## PROMPT
Extract all data as written.

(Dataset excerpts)

※

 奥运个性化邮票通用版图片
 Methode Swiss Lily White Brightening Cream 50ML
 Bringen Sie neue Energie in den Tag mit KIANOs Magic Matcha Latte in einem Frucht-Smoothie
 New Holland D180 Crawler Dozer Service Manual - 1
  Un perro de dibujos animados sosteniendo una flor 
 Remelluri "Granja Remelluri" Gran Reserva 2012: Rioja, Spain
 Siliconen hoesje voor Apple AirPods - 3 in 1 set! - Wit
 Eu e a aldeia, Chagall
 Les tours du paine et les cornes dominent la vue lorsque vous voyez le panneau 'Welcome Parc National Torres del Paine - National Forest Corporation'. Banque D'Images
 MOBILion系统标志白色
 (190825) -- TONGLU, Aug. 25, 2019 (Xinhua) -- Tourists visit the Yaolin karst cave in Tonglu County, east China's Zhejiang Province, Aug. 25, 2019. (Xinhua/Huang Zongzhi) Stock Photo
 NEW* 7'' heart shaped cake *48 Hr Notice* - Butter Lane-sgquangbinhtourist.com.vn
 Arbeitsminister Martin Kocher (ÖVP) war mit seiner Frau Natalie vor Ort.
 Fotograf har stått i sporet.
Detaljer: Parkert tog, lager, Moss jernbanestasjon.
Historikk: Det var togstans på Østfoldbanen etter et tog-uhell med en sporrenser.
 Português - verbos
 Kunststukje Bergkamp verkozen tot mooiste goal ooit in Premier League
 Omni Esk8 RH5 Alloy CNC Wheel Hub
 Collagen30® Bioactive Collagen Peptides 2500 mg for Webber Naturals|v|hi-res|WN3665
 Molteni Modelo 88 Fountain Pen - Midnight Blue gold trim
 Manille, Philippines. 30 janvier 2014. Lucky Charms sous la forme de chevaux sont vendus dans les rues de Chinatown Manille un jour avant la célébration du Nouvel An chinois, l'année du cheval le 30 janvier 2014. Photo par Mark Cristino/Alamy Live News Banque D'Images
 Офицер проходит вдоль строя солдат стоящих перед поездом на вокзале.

※

## ANSWER TO THIS EXERCISE
 奥运个性化邮票通用版图片
 Methode Swiss Lily White Brightening Cream 50ML
 Bringen Sie neue Energie in den Tag mit KIANOs Magic Matcha Latte in einem Frucht-Smoothie
 New Holland D180 Crawler Dozer Service Manual - 1
  Un perro de dibujos animados sosteniendo una flor 
 Remelluri "Granja Remelluri" Gran Reserva 2012: Rioja, Spain
 Siliconen hoesje voor Apple AirPods - 3 in 1 set! - Wit
 Eu e a aldeia, Chagall
 Les tours du paine et les cornes dominent la vue lorsque vous voyez le panneau 'Welcome Parc National Torres del Paine - National Forest Corporation'. Banque D'Images
 MOBILion系统标志白色
 (190825) -- TONGLU, Aug. 25, 2019 (Xinhua) -- Tourists visit the Yaolin karst cave in Tonglu County, east China's Zhejiang Province, Aug. 25, 2019. (Xinhua/Huang Zongzhi) Stock Photo
 NEW* 7'' heart shaped cake *48 Hr Notice* - Butter Lane-sgquangbinhtourist.com.vn
 Arbeitsminister Martin Kocher (ÖVP) war mit seiner Frau Natalie vor Ort.
 Fotograf har stått i sporet.
Detaljer: Parkert tog, lager, Moss jernbanestasjon.
Historikk: Det var togstans på Østfoldbanen etter et tog-uhell med en sporrenser.
 Português - verbos
 Kunststukje Bergkamp verkozen tot mooiste goal ooit in Premier League
 Omni Esk8 RH5 Alloy CNC Wheel Hub
 Collagen30® Bioactive Collagen Peptides 2500 mg for Webber Naturals|v|hi-res|WN3665
 Molteni Modelo 88 Fountain Pen - Midnight Blue gold trim
 Manille, Philippines. 30 janvier 2014. Lucky Charms sous la forme de chevaux sont vendus dans les rues de Chinatown Manille un jour avant la célébration du Nouvel An chinois, l'année du cheval le 30 janvier 2014. Photo par Mark Cristino/Alamy Live News Banque D'Images
 Офицер проходит вдоль строя солдат стоящих перед поездом на вокзале.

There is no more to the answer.